Yes, I do it that way, its also possible on FreeNAS, just maybe not using the web interface.



> My network card apparently can


Even if You network adapter can, its also the question IF the FreeBSD driver for that card has that feature implemented


----------



## ph0enix (Sep 21, 2011)

1. Headless = Yes ...but what functionality do you want a web based interface to provide though?  You want to be able to manage the server remotely via the web?  If so you could try webmin. 
2. A NAS is simply a network file server.  FreeBSD supports all the standard file sharing protocols so that's a Yes.
3. What's a limitation of FreeBSD?  Not sure what you're asking.  There other ways of backing up data residing on a remote system besides rsync. You could even use Samba since I'm guessing that's what your other device supports.
6. You want SFTP (part of OpenSSH), not FTP.  Just set up a chroot'ed environment for it on its own partition if you want to be a specific size.  Either that or use disk quotas to allocate only a specific amount of disk space to each user: 
http://www.freebsd.org/doc/handbook/quotas.html


----------



## _martin (Sep 21, 2011)

calgarychris said:
			
		

> I know mdadm is mentioned for Ubuntu - is there a recommended package in FreeBSD?

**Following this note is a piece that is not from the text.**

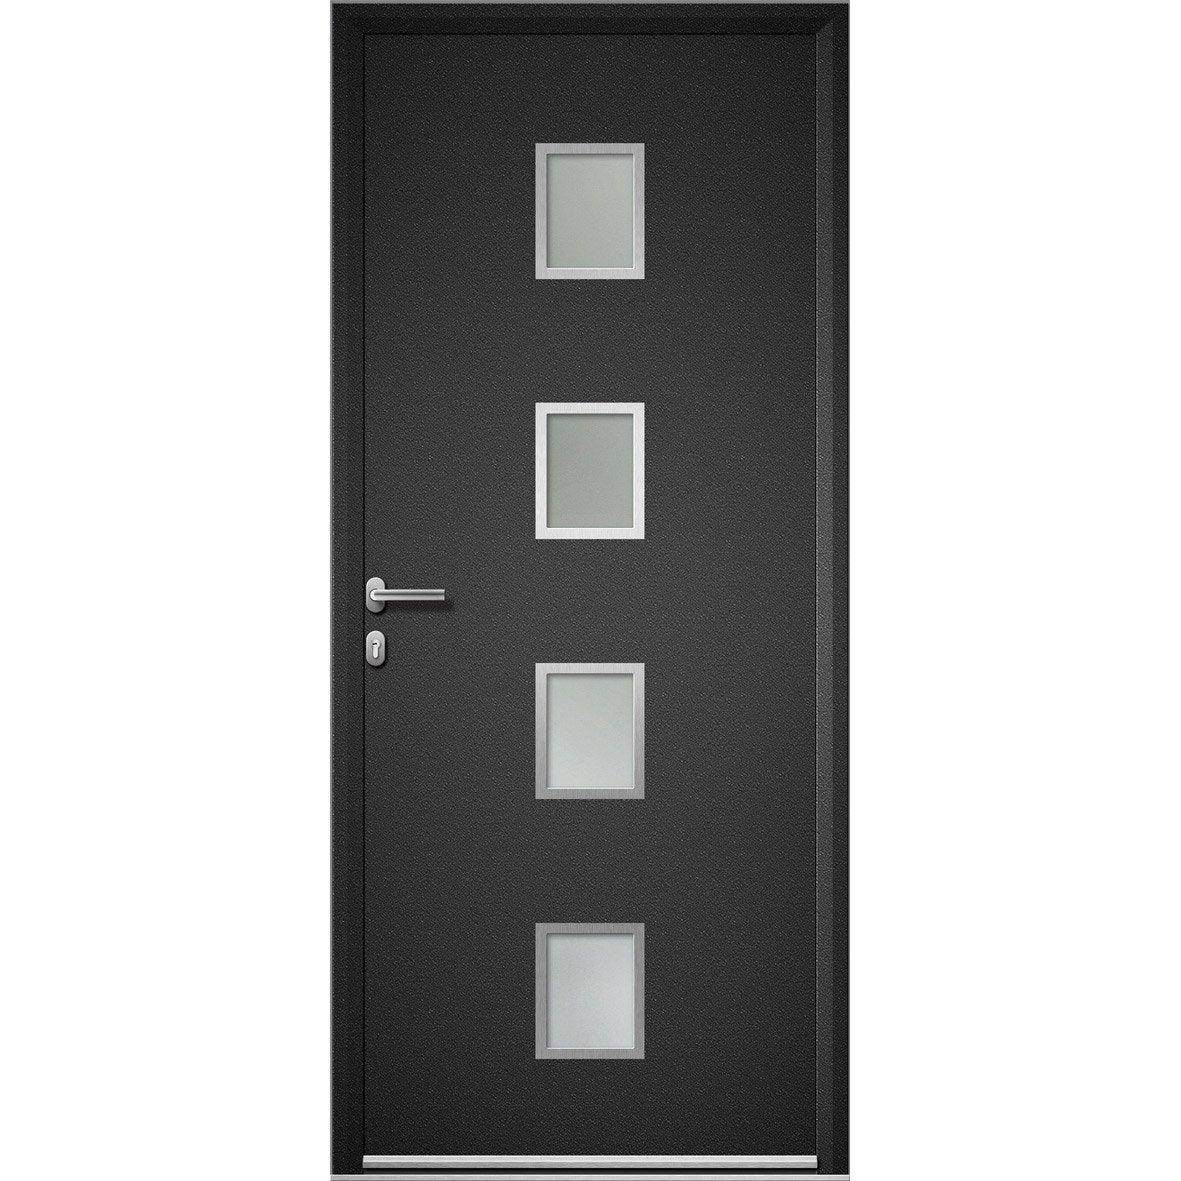 Porte d 39 entr e aluminium baltimore artens poussant gauche x c - Leroy merlin porte entree alu ...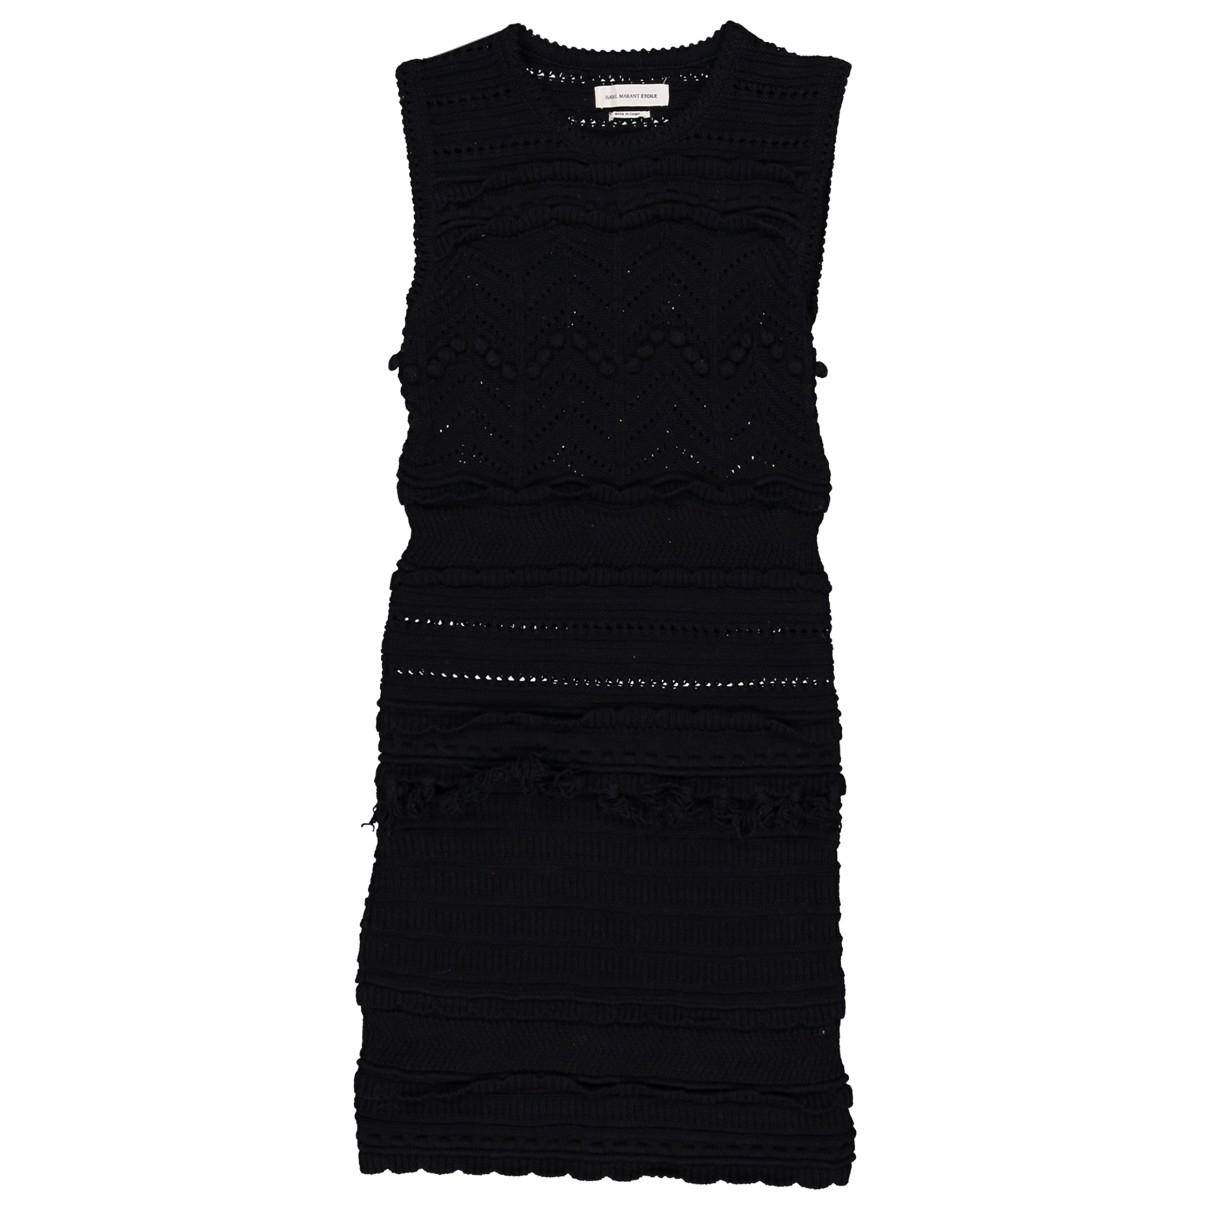 Isabel Marant \N Black Cotton dress for Women 34 FR

As it was mentioned, mdadm is indeed linux only. There are other ways than ZFS to create mirror/raid on FreeBSD, if that is what you asked. For example - gmirror(8)() or graid3(8). 

It is always good to have serial console configured on headless systems - in case of something you can login directly.

If you are just getting familiar with *nix systems, don't jump to ZFS configuration just yet; start off slow. 

`$ man hier`
is a good start too. Get familiar with the system, software management (i.e. ports/packages) and then ease in on basic administration tasks.

..good luck and enjoy


----------